Ainda quase que nem tive tempo de aqui mencionar que as minhas férias chegaram ao fim e regressei ao trabalho na passada 2ª feira!...

Já cheguei à conclusão que, devo ser mesmo muito diferente da grande maioria das outras pessoas, porque adoro trabalhar em Agosto!

Os transportes vão vazios e chegamos muito mais depressa ao nosso destino por não haver o trânsito de todos aqueles que se encontram em "vacances"...
O telefone no escritório não toca sequer, o que nos dá muita concentração para podermos trabalhar...
Porque, contrariamente ao que se passa nos outros empregos, no meu continuamos sempre a 1000km/hora e com imensos assuntos a tratar, mesmo durante o mês de Agosto.

Stresses à parte, o que gosto mesmo muito no regresso de férias é aquela sensação de ainda estar a léguas de distância dali e de as situações mais incómodas do dia-a-dia me passarem completamente ao lado!...

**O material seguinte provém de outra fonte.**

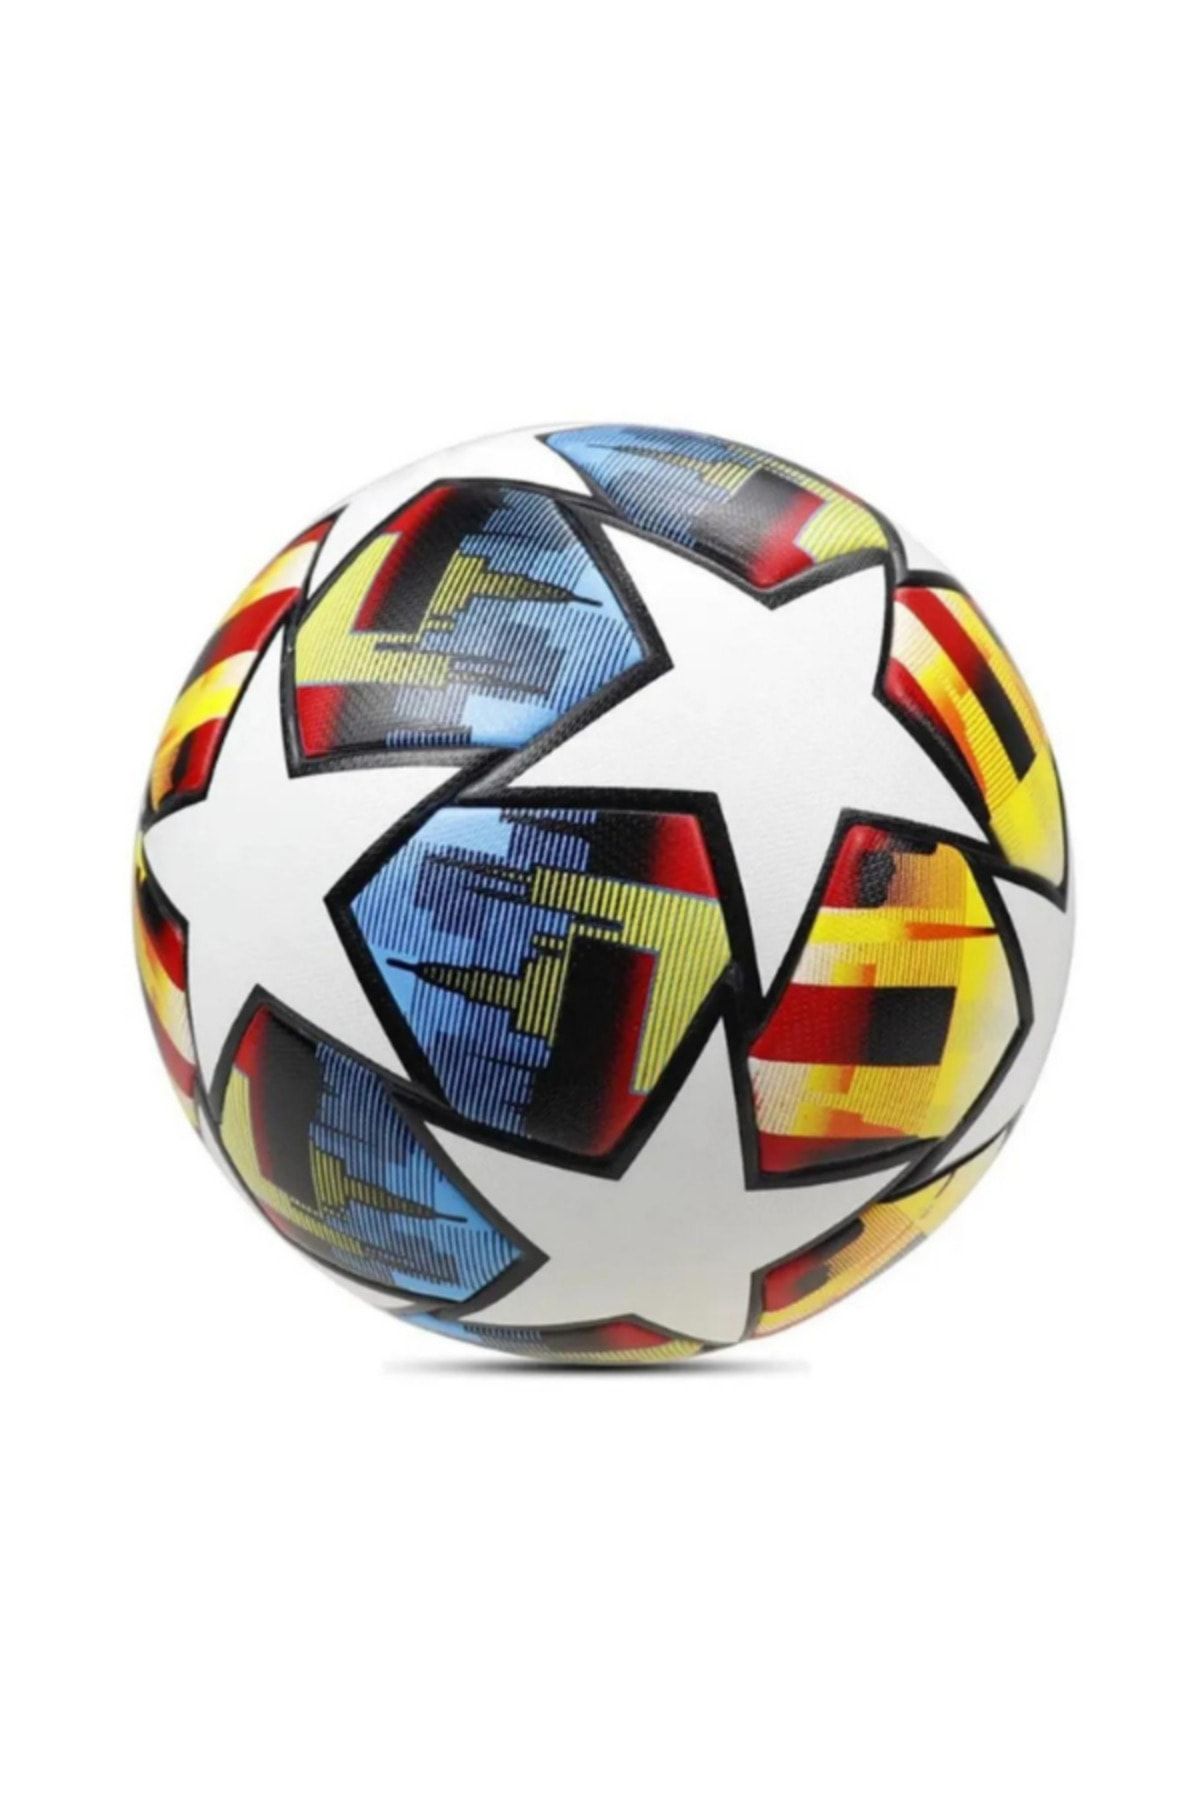 Janissary Renkli Şampiyonlar Ligi Tasarımı Dikişli Futbol Topu, 5 Numara "Şişmiş Olarak Gönderilir."

- "Corners of my Home (Once a Week)" # 30 -



Outra das coisas de que gosto particularmente, no regresso ao emprego após as "férias grandes", é o rever os colegas-amigos, aqueles que, por um motivo ou outro, nos são mais "chegados" ou com quem fomos criando mais afinidades... Aqueles de quem, verdadeiramente, vemos que sentimos falta, ao regressarmos.

O ZA é um deles!...






O ZA também esteve de férias na sua terra-natal e trouxe-me de lá estes dois magníficos ímans para a colecção "on my fridge".

Obrigadão!






Mas o ZA é hoje digno de menção aqui no blog por um outro motivo também, já que criou a sua conta no Flickr, através da qual nos vai espantar com o seu olho "clínico" para a fotografia.

Ficamos a aguardar!




Um grande beijinho de agradecimento para a B. (outra colega-amiga) pelo belo postal enviado dessas terras longínquas (é só descobri-lo na foto)!






terça-feira, 12 de agosto de 2008

"Os Gatos dos Quintais"








Quando comecei a escrever neste blog sobre "Os Gatos dos Quintais", nunca imaginei que me envolveria de uma forma tão estreita no que se viria a passar nesta, aparentemente tranquila, colónia felina de um bairro de Lisboa!...

Quem me conhece bem, sabe que, apesar de não ter vida (nem tempo) para estas "andanças", o facto é que não consigo ficar indiferente (e, muito menos, de braços cruzados) perante situações de injustiça com seres humanos ou animais.
Há, também, quem diga que tenho o triste defeito de carregar com o peso do mundo, quando ninguém carrega por mim!...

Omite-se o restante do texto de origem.